Please contact our Disputes and Litigation Department on our mobile friendly number 033 33 22 1000 or 0800 987 8156 to arrange a meeting and speak to a Solicitor. Alternatively, you can email us at info@kewlaw.co.uk for more information. 

What are the Requirements of Valid Contract Formation?

A valid contract requires that there be:-

  • An offer (which must be distinguished from an invitation to treat)
  • Acceptance
  • Consideration (the giving of something of some value (this does not have to be monetary or even adequate and can be incurrence of a detriment) in exchange for the goods or services to be supplied or other obligation of the seller under a contract)
  • Mutual intention to create legal relations (as presumed in commercial situations)
  • Certainty of terms. 

A contract can be written or oral (or both) and can be implied by conduct (in relevant circumstances terms may be incorporated by a course of dealing) or entered into electronically. 

A battle of the forms may arise where both parties seek to incorporate their standard terms into the contract. 

Issues as to the validity of a contract may also arise in respect of issues such as illegality of object, lack of capacity or lack of authority. Each of these non-exhaustive factors can give rise to and complicate contractual disputes. 

Even if there does not appear to be a valid contract it may still be possible to rely on the law of restitution for a remedy as an action for Quantum meruit (often in respect of services supplied) or Quantum valebat (for goods supplied). Such claims may also be relevant where the contract does not fix the price to be paid and a reasonable price is due or works outside the contract are carried out at the customer’s request.

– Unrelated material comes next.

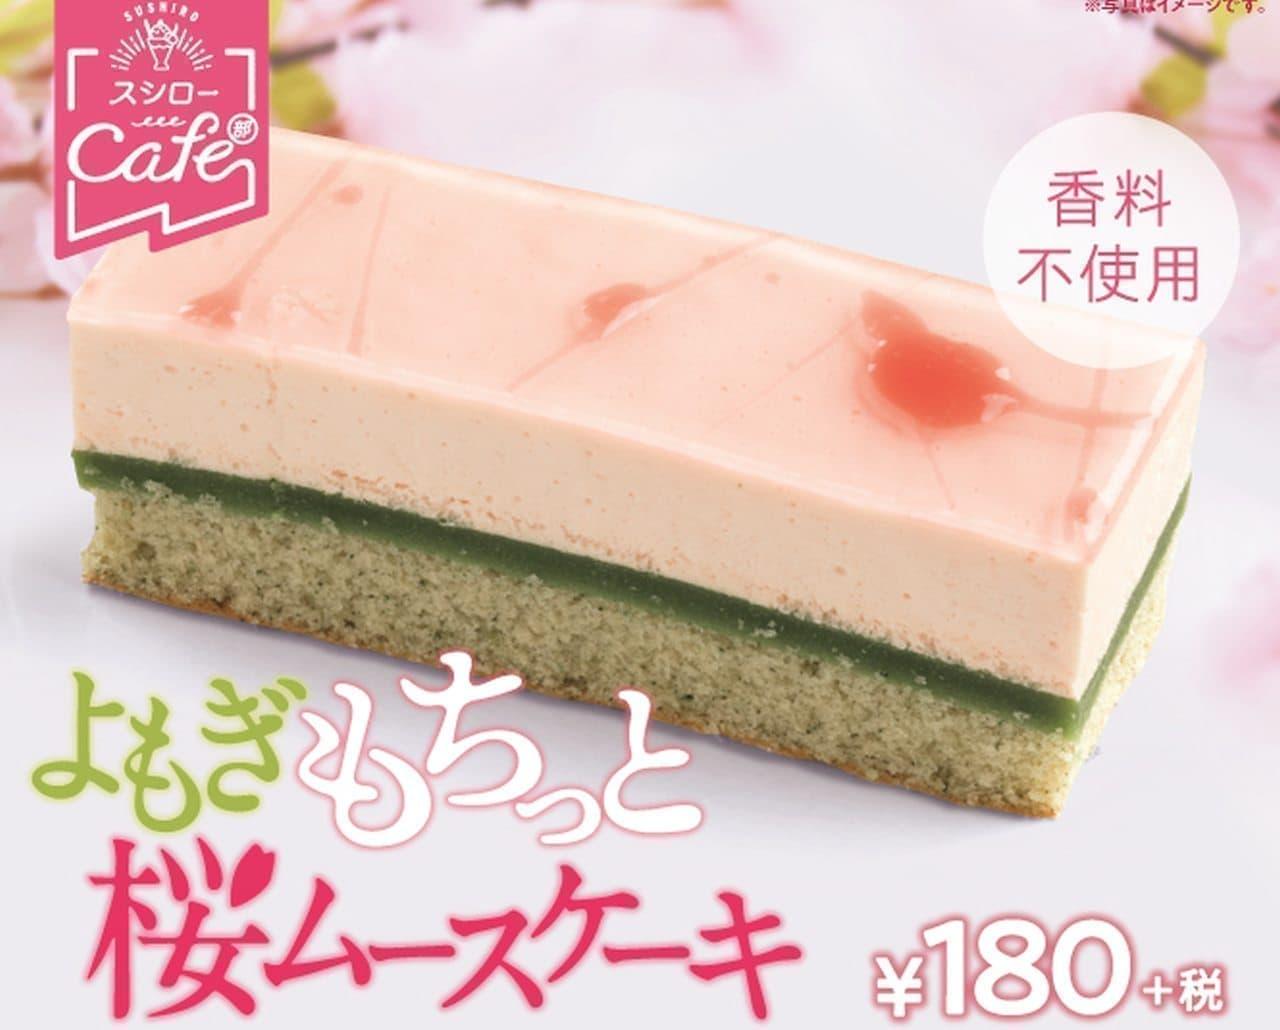 スシロー「よもぎもちっと桜ムースケーキ」

It is no defence for a party to state at a later time that they did not read the written terms of a contract. A written contract is binding even if the contracting party signed without reading it or its terms were missing but clearly stated to be available on request. Similarly mistakes will often have no impact on a contract’s formation or terms. Parties will be held to the bargain they have made (even if it is a commercially bad bargain) despite any alleged misunderstanding as to the legal effect or any underlying rights. The Court may correct a mistake to bring the terms of the contract inline with what it determines to have been the parties’ intentions so as to do justice in the case. The situation may be different where one party has misled the other in which case the contract may be voidable where the innocent party acts promptly. 

What are some of the types of contract disputes that we are able to assist with?

Distance selling and electronic contracts

Businesses entering into off premises and distance contracts with consumers via a website (or otherwise) will need to comply with additional rules and regulations such as The Consumer Contracts (Information, Cancellation and Additional Charges) Regulations 2013. Terms and conditions (or at the very least their existence) must be brought to the attention of the customer to ensure incorporation such as by way of link and acceptance button and available in a way that allows the consumer to store and reproduce them in a durable form.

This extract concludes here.